— INSTRUCTIONS FOR THE TASK —
Leaving the pictures aside, return the listing exactly as it appears.

— COLLECTED MATERIAL —
+===+
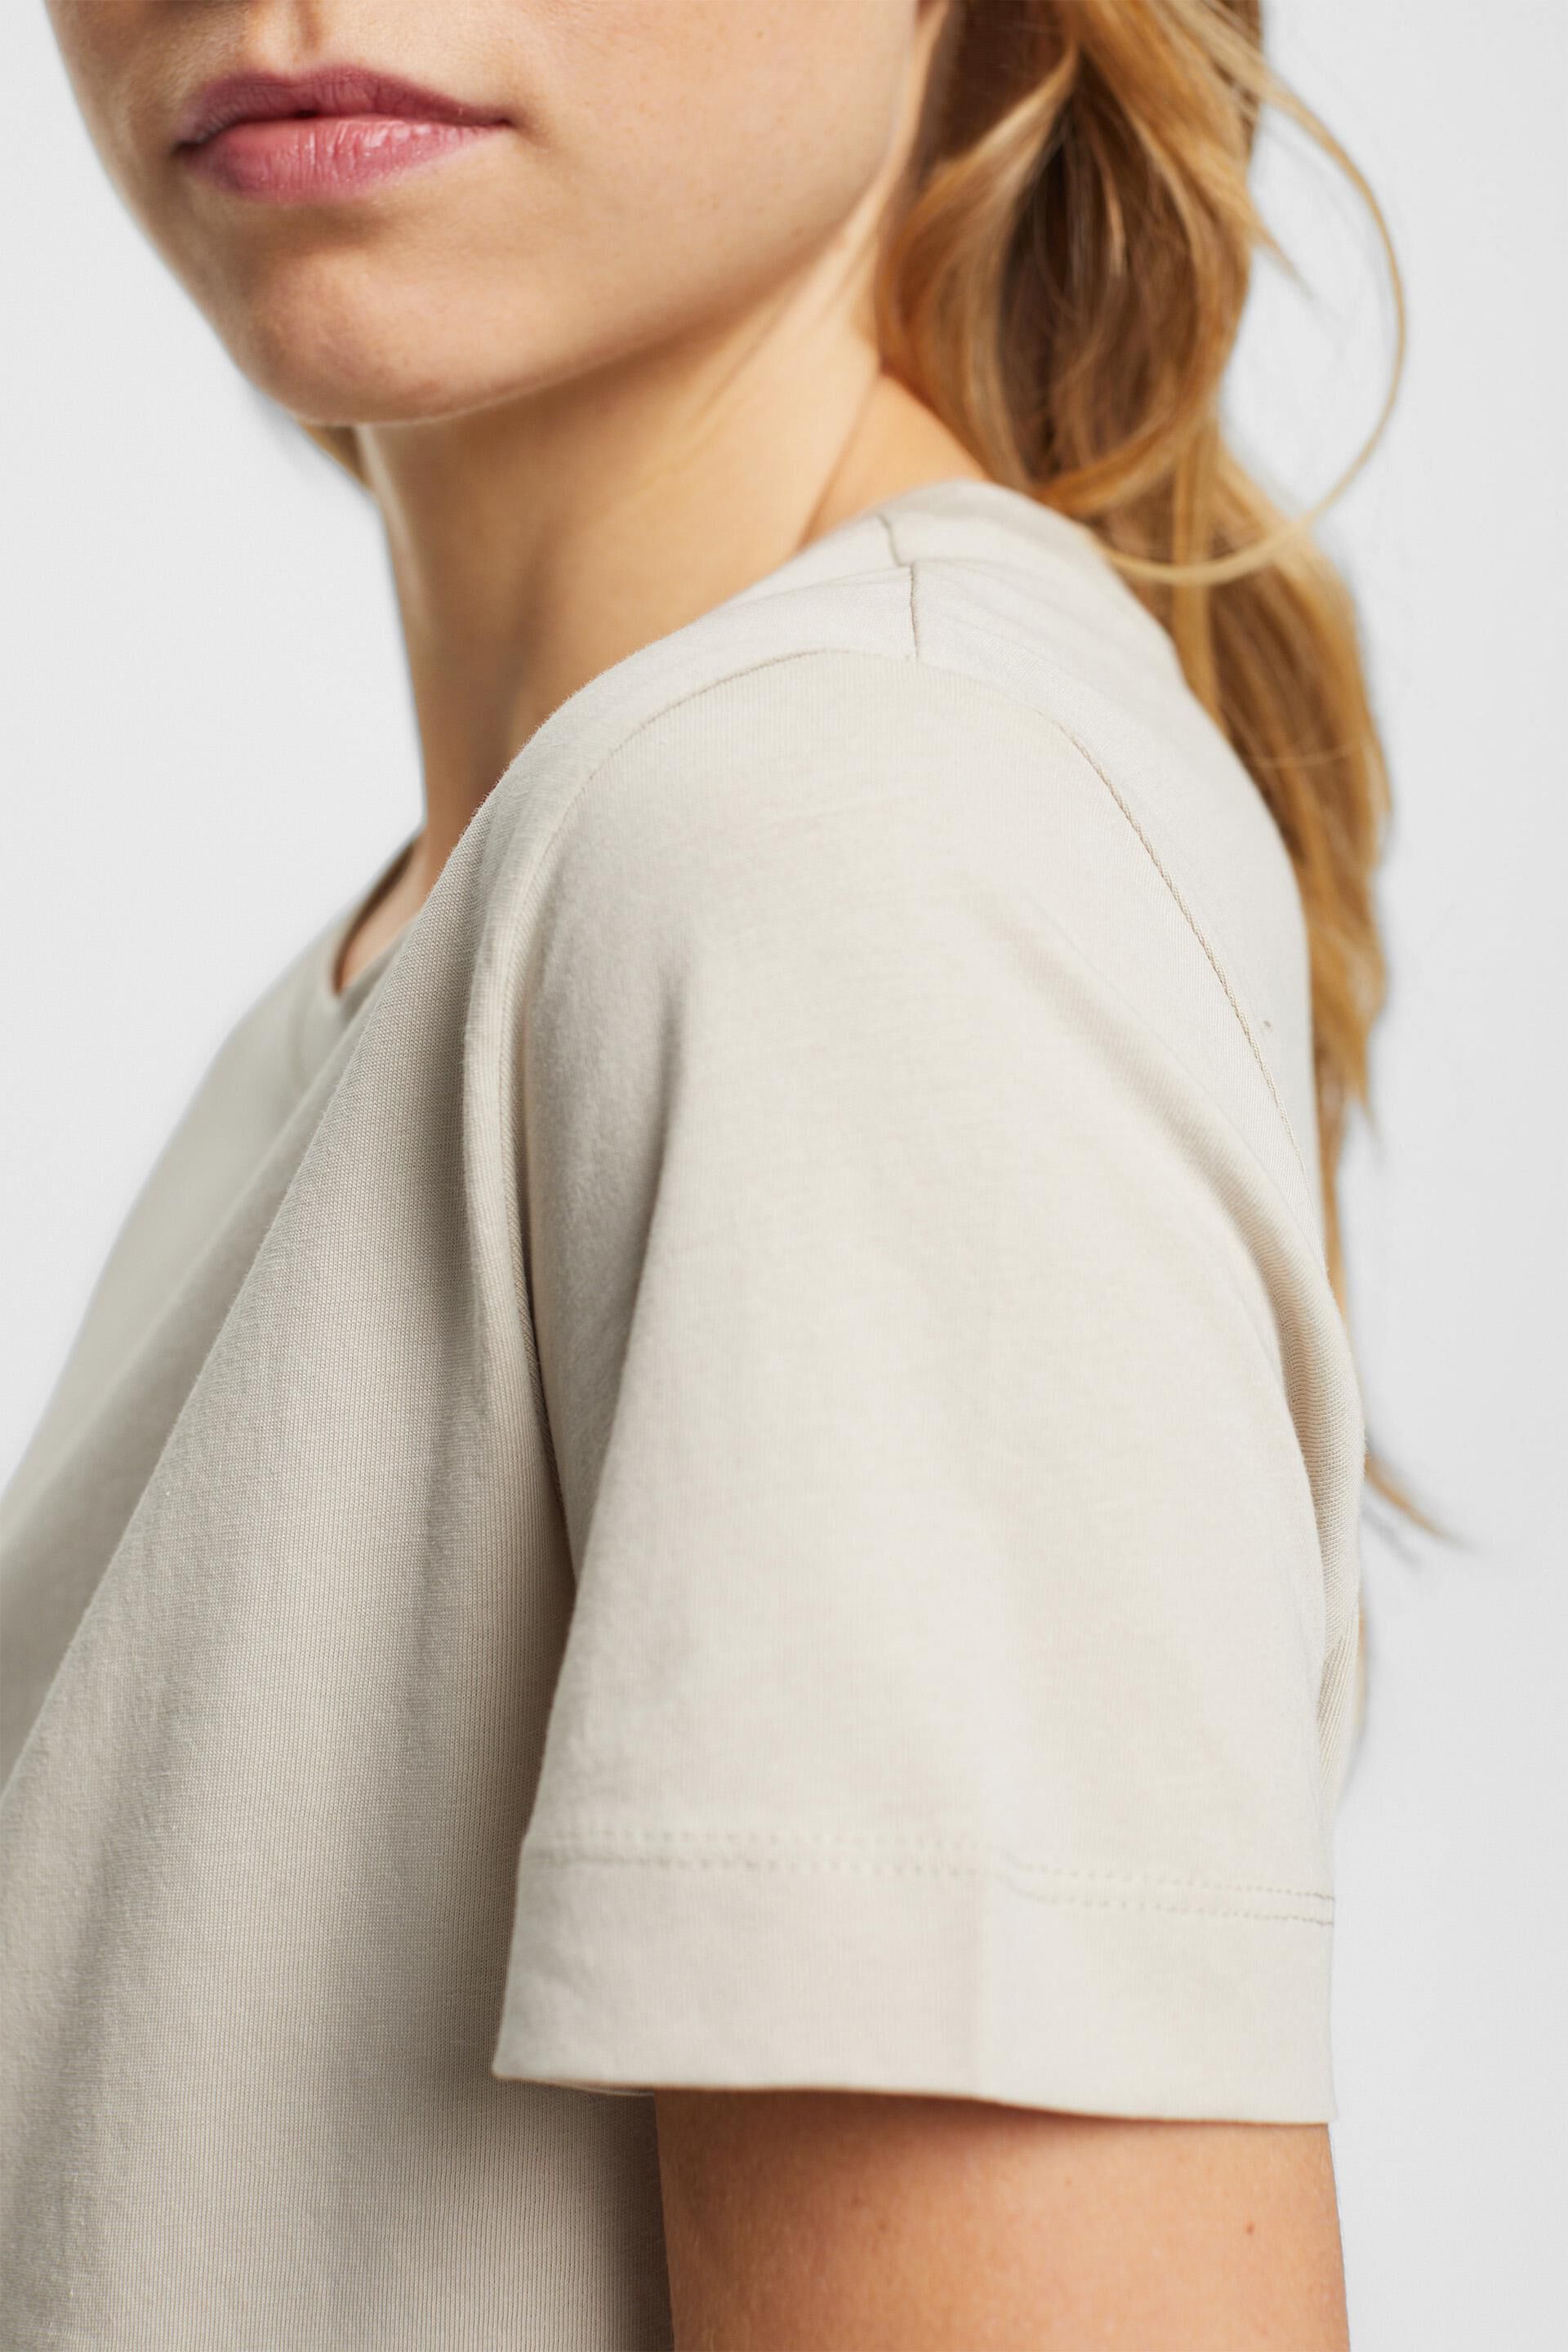 Esprit aus mit Rundhalsausschnitt T-Shirt Baumwolle
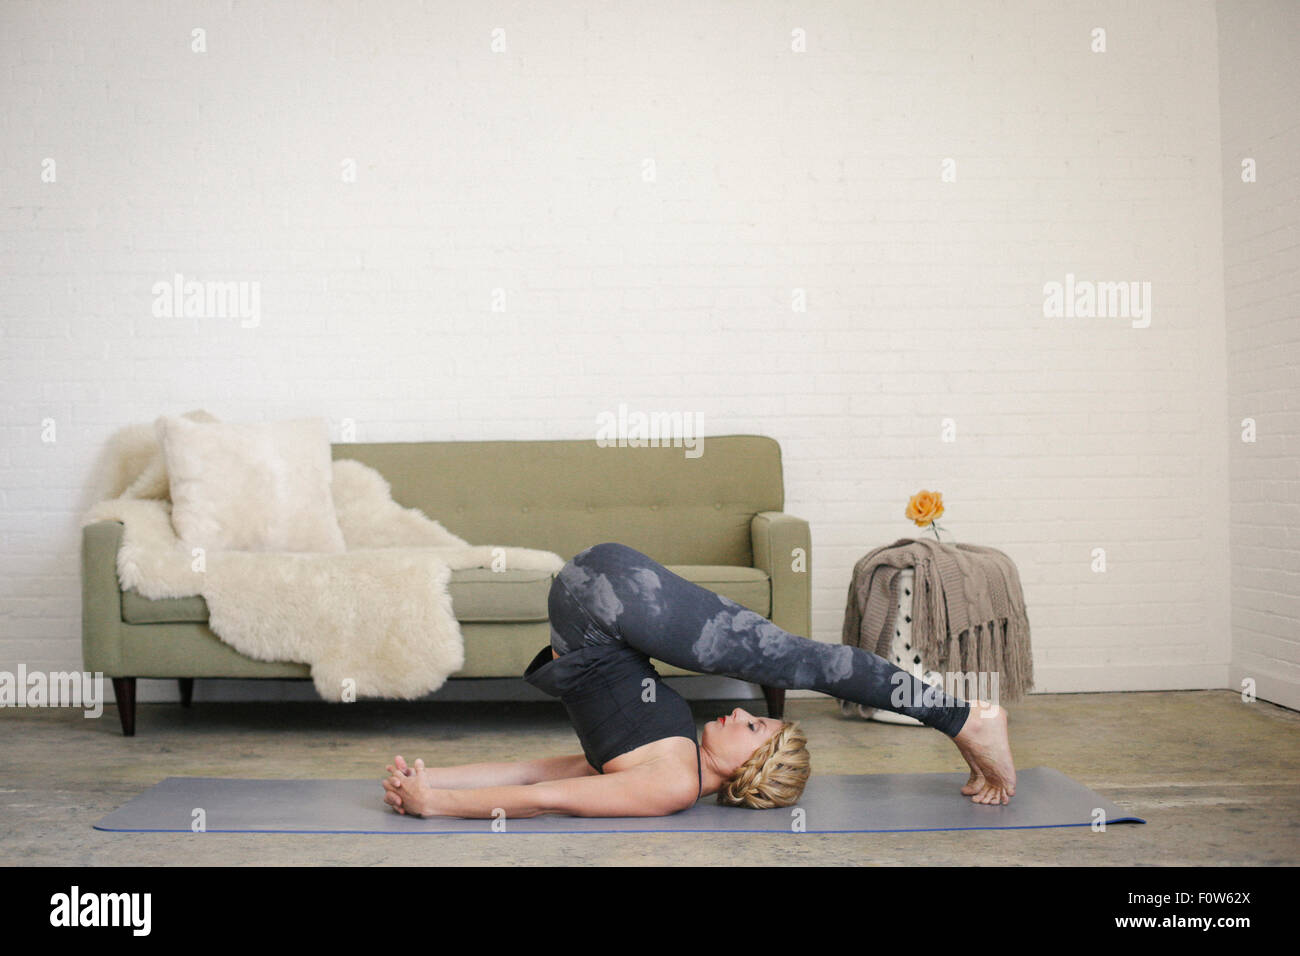 Une femme blonde dans un justaucorps noir et leggings, allongé sur un tapis de yoga dans une salle, faire du yoga, ses jambes se pencha au-dessus de sa tête. Banque D'Images
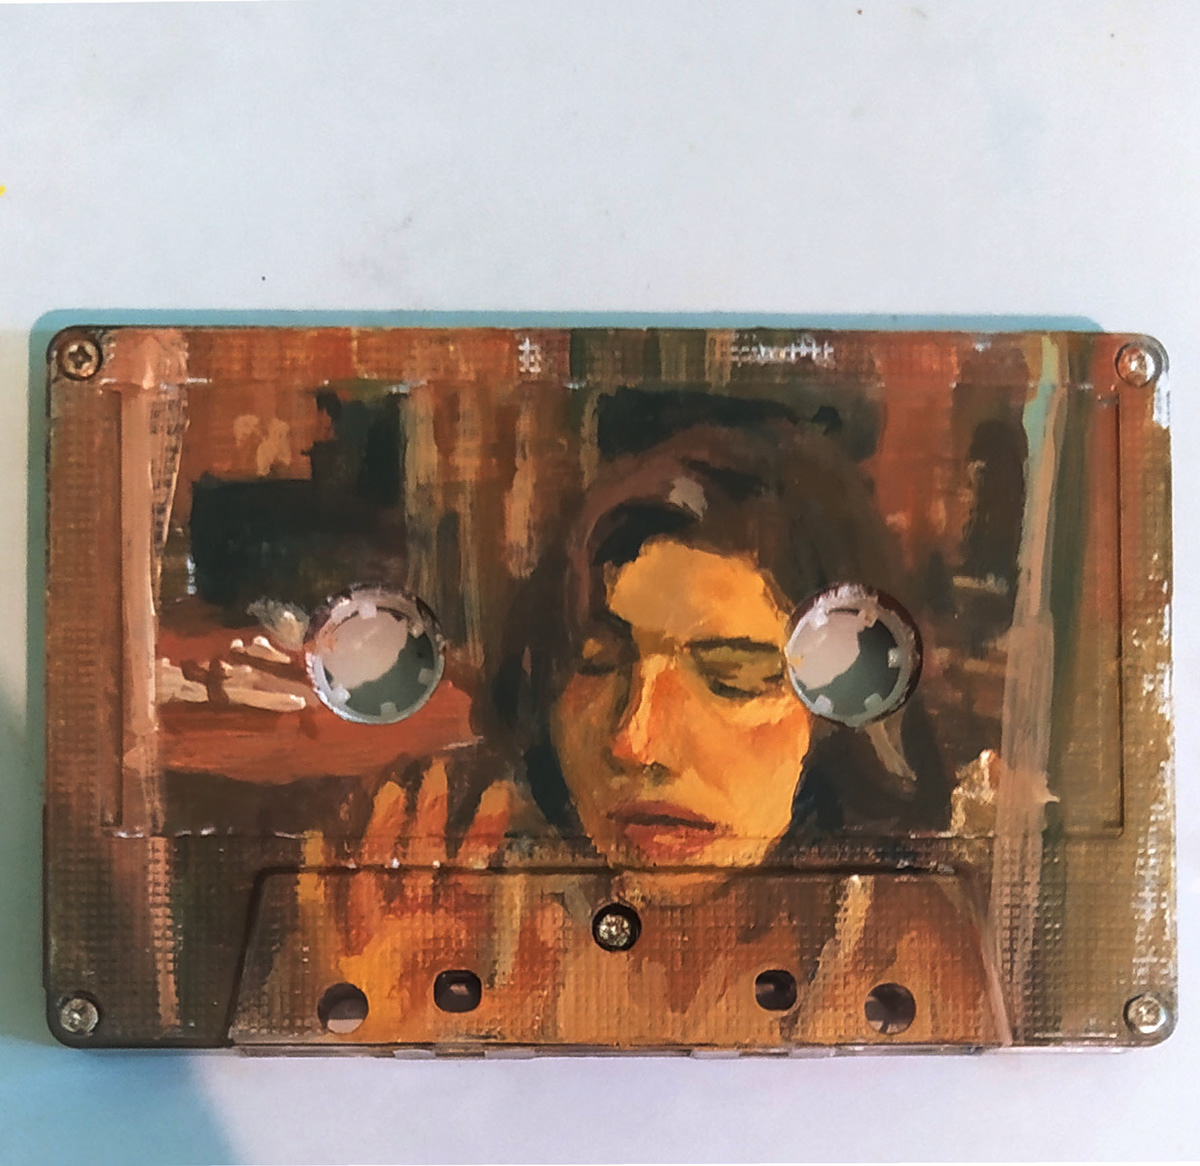 cassette tapes fanart gouache painting TheDoubleLifeofVeronique vintage
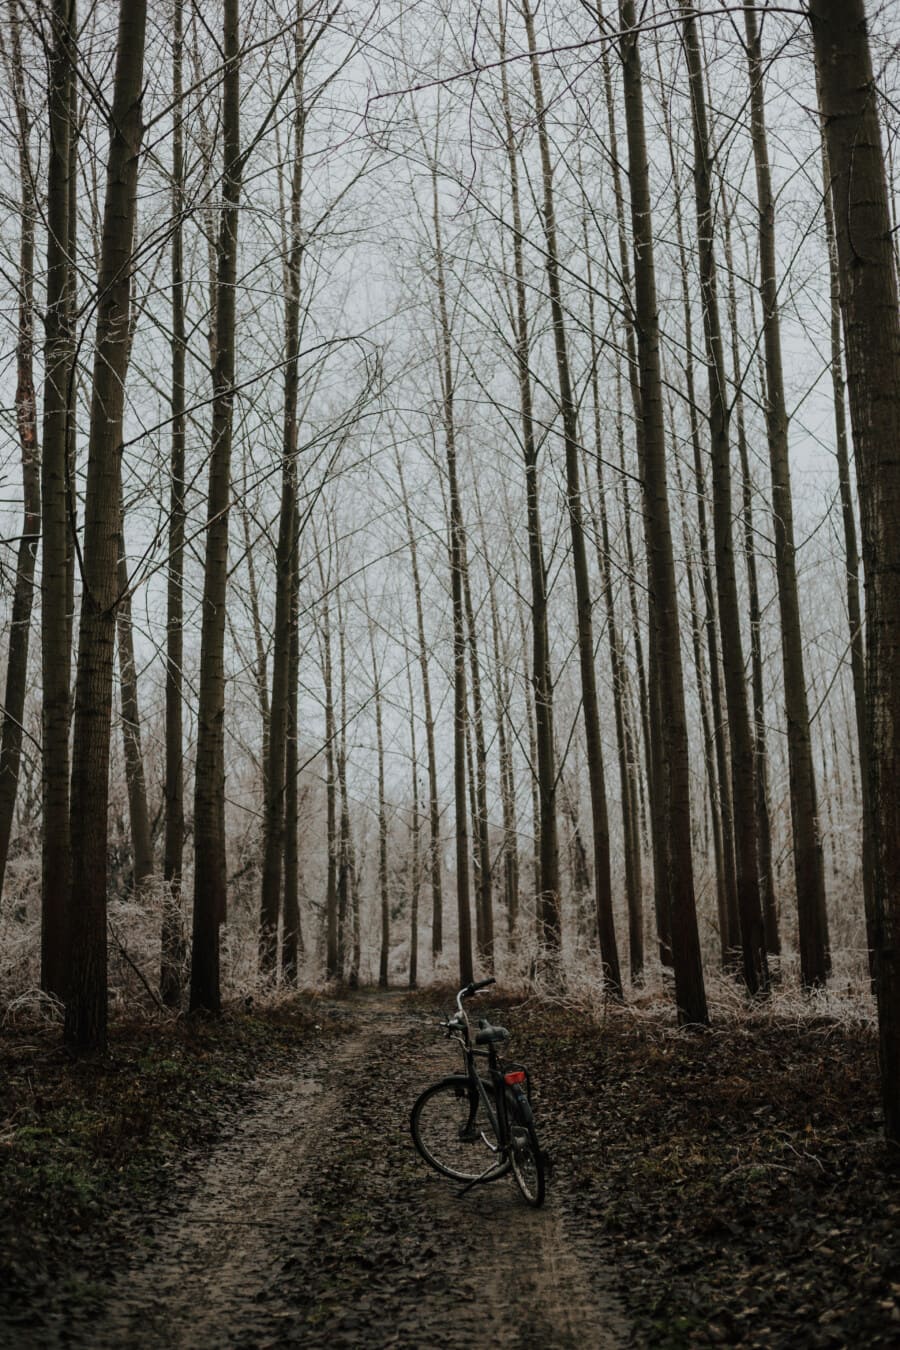 trilha da floresta, floresta, caminho da floresta, Inverno, bicicleta, frio, Ramos, congelado, árvores, Poplar
+===+
— SOLVED EXERCISE —
 Esprit aus mit Rundhalsausschnitt T-Shirt Baumwolle
 Une femme blonde dans un justaucorps noir et leggings, allongé sur un tapis de yoga dans une salle, faire du yoga, ses jambes se pencha au-dessus de sa tête. Banque D'Images
 cassette tapes fanart gouache painting TheDoubleLifeofVeronique vintage
 trilha da floresta, floresta, caminho da floresta, Inverno, bicicleta, frio, Ramos, congelado, árvores, Poplar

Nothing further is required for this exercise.